Authors: Webber K. ;Kwok A.;Cook O.;Mian Ng S.;White M. ;Segelov E. 
Monash Health Department(s): Oncology
Institution: (Webber, Kwok, White, Segelov) Monash University, School of Clinical Sciences, Clayton, Australia
(Webber, Kwok, Mian Ng, White) Monash Health, Medical Oncology, Clayton, Australia
(Cook) McGrath Foundation, Sydney, Australia
(Cook) Monash University, Nursing and Midwifery, Clayton, Australia
Presentation/Conference Date: 7-Feb-2025
Copyright year: 2024
Publisher: BMJ Publishing Group
Publication information: International Journal of Gynecological Cancer. Conference: International Gynecologic Cancer Society Annual Meeting, IGCS 2024. Dublin Ireland. 34(Supplement 3) (pp A331-A332), 2024. Date of Publication: 01 Oct 2024.
Journal: International Journal of Gynecological Cancer
Abstract: Introduction We assessed the impact of real-time PROMs prior to outpatient gynaecological cancer consultations on Emergency Department (ED) presentations and overall survival (OS), and explored PROMs data predictive of subsequent unplanned presentations. Methods Patients with gynaecological cancer were invited to complete the EQ-5D-5L, ESAS-R and the SCNS-SF prior to scheduled appointments, on waiting room iPads (December 2019-March 2020) or remotely online (October 2020-April 2021). Clinical characteristics, ED presentations and OS were extracted from medical records and compared between participants and non-participants. Results 334 consultations (99 in-person; 235 telehealth) with 104 patients [mean age 61; 49% treated with palliative intent] were included. PROMs participation was 50%, with no significant difference by consultation mode. People speaking a language other than English had lower participation (28% vs 57%, p=0.01), but age, stage, primary site, treatment intent (curative vs palliative) and treatment received were comparable between groups. ED presentations occurred within 30 days of 7.6% of participating consultations vs 13.5% non-participating (p=0.10). Participants presenting to ED had higher mean ESAS scores at the preceding appointment for nausea (3.4 vs 1.0), poor appetite (3.6 vs 1.8) and dyspnoea (4.5 vs 1.8), and lower EQ-5D-VAS scores (58.3 vs 83.8), all p<0.05. Median OS was not reached for participants vs 37.6 months for non-participants (p=0.06). PROMs participation (p=0.008), age (p=0.030) and treatment intent (p<0.001) were associated with OS. Conclusion/Implications Completing PROMs prior to outpatient consultations was associated with trends to fewer ED presentations and overall survival. Targeted interventions to support participation among people who speak a language other than English are required. (Figure Presented).
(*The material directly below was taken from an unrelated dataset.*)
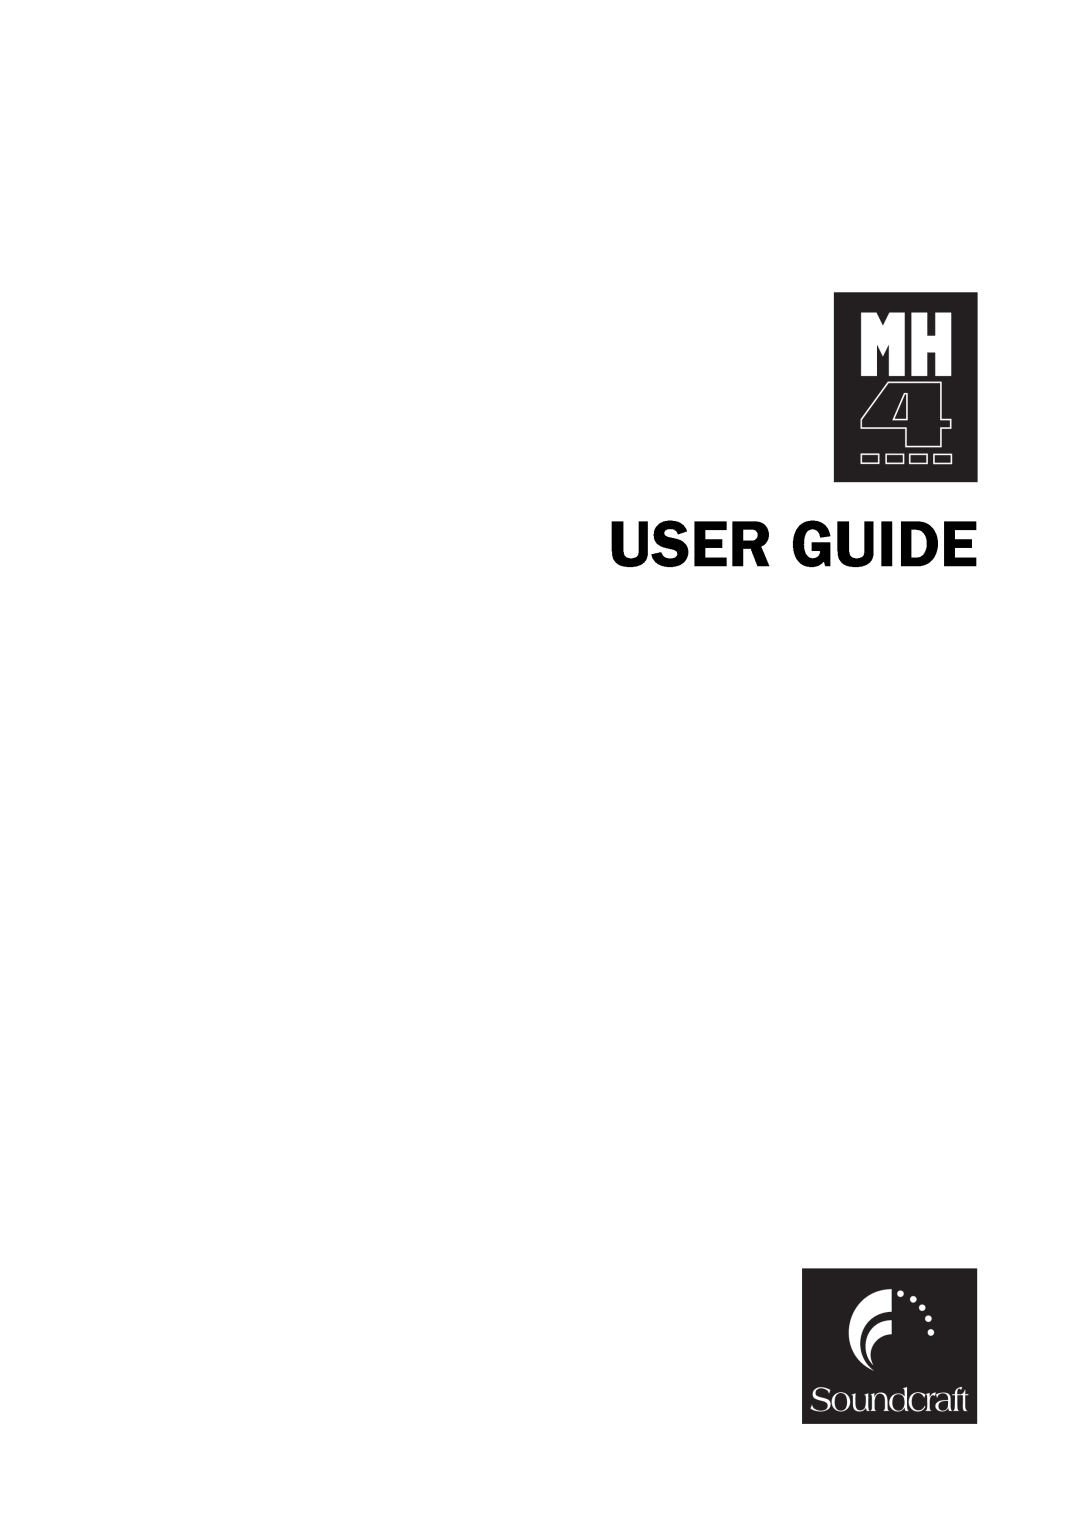 SoundCraft MH4 manual User Guide

Conference Name: International Gynecologic Cancer Society Annual Meeting, IGCS 2024
Conference Start Date: 2024-10-16
Conference End Date: 2024-10-18
Conference Location: Dublin, Ireland
DOI: http://monash.idm.oclc.org/login?url=https://dx.doi.org/10.1136/ijgc-2024-IGCS.582
URI: https://repository.monashhealth.org/monashhealthjspui/handle/1/53182
Type: Conference Abstract
Subjects: appetite
dyspnea
emergency ward
telehealth
Type of Clinical Study or Trial: Observational study (cohort, case-control, cross sectional, or survey)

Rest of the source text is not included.